[Toybox] copy_file_range and (1<<30)

Fri Jan 10 15:09:49 PST 2025

On 1/10/25 15:40, enh wrote:
> On Fri, May 26, 2023 at 10:26 AM Rob Landley <rob at landley.net> wrote:
>>
>> On 5/25/23 19:08, enh via Toybox wrote:
>>> so i finally enabled copy_file_range for the _host_ toybox because someone
>>> pointed out that we copying 16GiB zip files around in the build, and even though
>>> obviously we should stop doing that, 30s seemed unreasonable, and coreutils cp
>>> "only" took 20s because of copy_file_range.
>>
>> Hardlinking them is not an option? :)
>>
>>> but toybox cp with copy_file_range still takes 25s. why?
>>>
>>>        if (bytes<0 || bytes>(1<<30)) len = (1<<30);
>>>
>>> the checkin comment being:
>>>
>>> Update comments and add "sanity check" from kernel commit f16acc9d9b376.
>>> (The kernel's been doing this since 2019, but older kernels may not, so...)
>>
>> The problem being that _before_ that commit, too big a sendfile didn't work
>> right (returned an error from the kernel?). I suspect my range check was just
>> the largest power of 2 that fit in the constraint...
> 
> is that true? the diff for that commit makes it look like it
> internally silently used `min(MAX_RW_COUNT, len)` which should be fine
> with the usual "subtract what was actually written" logic?
> 
> (libc++ just started to use copy_file_range(), and i asked whether
> they knew about this limit, and then couldn't explain why toybox has a
> special case...)

Let's see... grep for '1<<30' in lib, git annotate the file, search for 
the 1<<30... cut and paste the hash and do a ^1 to peel off that commit 
(sigh, I want a GUI/IDE tool for this where I could just click)... it 
was introduced in toybox commit 9b368059deec which says "Update comments 
and add "sanity check" from kernel commit f16acc9d9b376. (The kernel's 
been doing this since 2019, but older kernels may not, so...)"

The check from that kernel commit was:

+       return do_splice_direct(file_in, &pos_in, file_out, &pos_out,
+                               len > MAX_RW_COUNT ? MAX_RW_COUNT : len, 0);

And checking out that commit and searching for MAX_RW_COUNT :

include/linux/fs.h:#define MAX_RW_COUNT (INT_MAX & PAGE_MASK)

And of course:

include/asm-generic/page.h:#define PAGE_MASK	(~(PAGE_SIZE-1))

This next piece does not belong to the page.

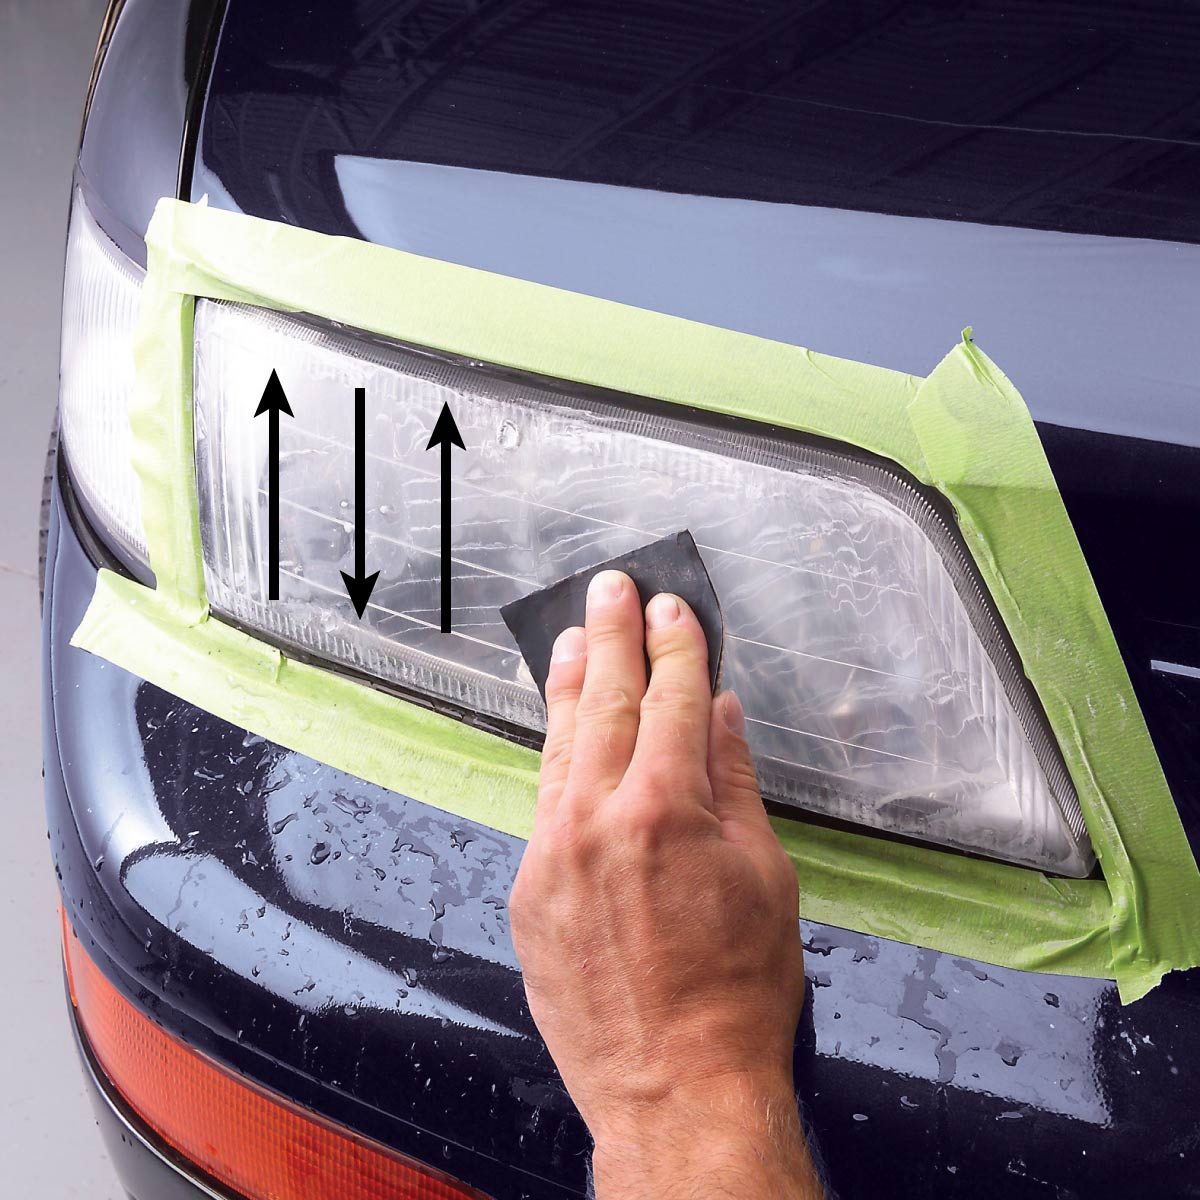 DIY Headlight Restore using clear coat - Maintenance/Repairs - Car
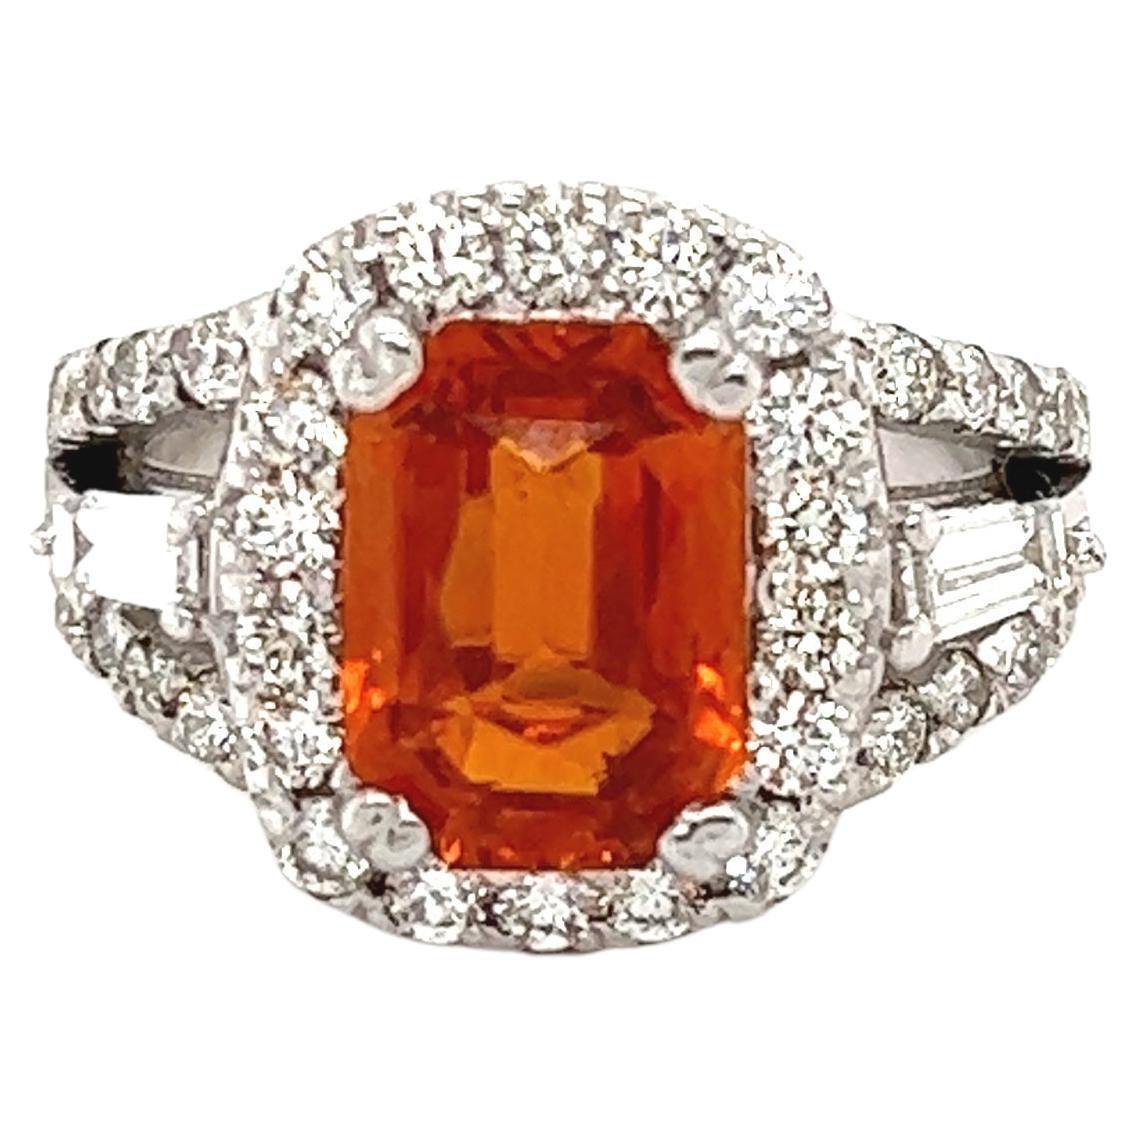 5.18 Carat GIA Certified Orange Sapphire Diamond 18 Karat White Gold Ring

So they're using 2 gigs minus 4k, so yes 1<<30 (1 gig) is the largest 
power of 2 that fits within that constraint.

Is there a big performance difference between queueing up 1 gigabyte at 
a time and 2 gigabytes at a time? We can be exact, I just didn't want it 
to start going boing again on systems where PAGE_SIZE isn't 4k or some 
such. For a 16 gigabyte file it returns back into our code 16 times (vs 
8 times) which either way you'd THINK would take a grand total of like a 
milisecond even with switching overhead to deal with. A 5 second 
difference seems... odd? (If you've got zero readahead and zero 
writeback cacheing and you're on rotating media where a slight hitch 
costs a rotational delay then maybe? Even so, it should just be 16 extra 
rotations vs 8 extra rotations. A dog slow ancient hard drive was 1200 
rpm meaning 20 rps meaning 8 extra was less than half a second...)

I mean, IDEALLY the kernel would have a "repeat until spanked" -1 value 
where it just copies until EOF and stops bothering us, but the kernel 
didn't seem to offer that as an option last I checked...

>>> what the kernel _actually_ does though is clamp to MAX_RW_COUNT. which is
>>> actually (INT_MAX & PAGE_MASK). which i'm assuming changes for a non-4KiB page
>>> kernel?

Yeah, that. ^^^

The constraint is there because older kernels would error out on too big 
a value, rather than clamping, and I didn't want to query the kernel 
version and have two codepaths.

Rob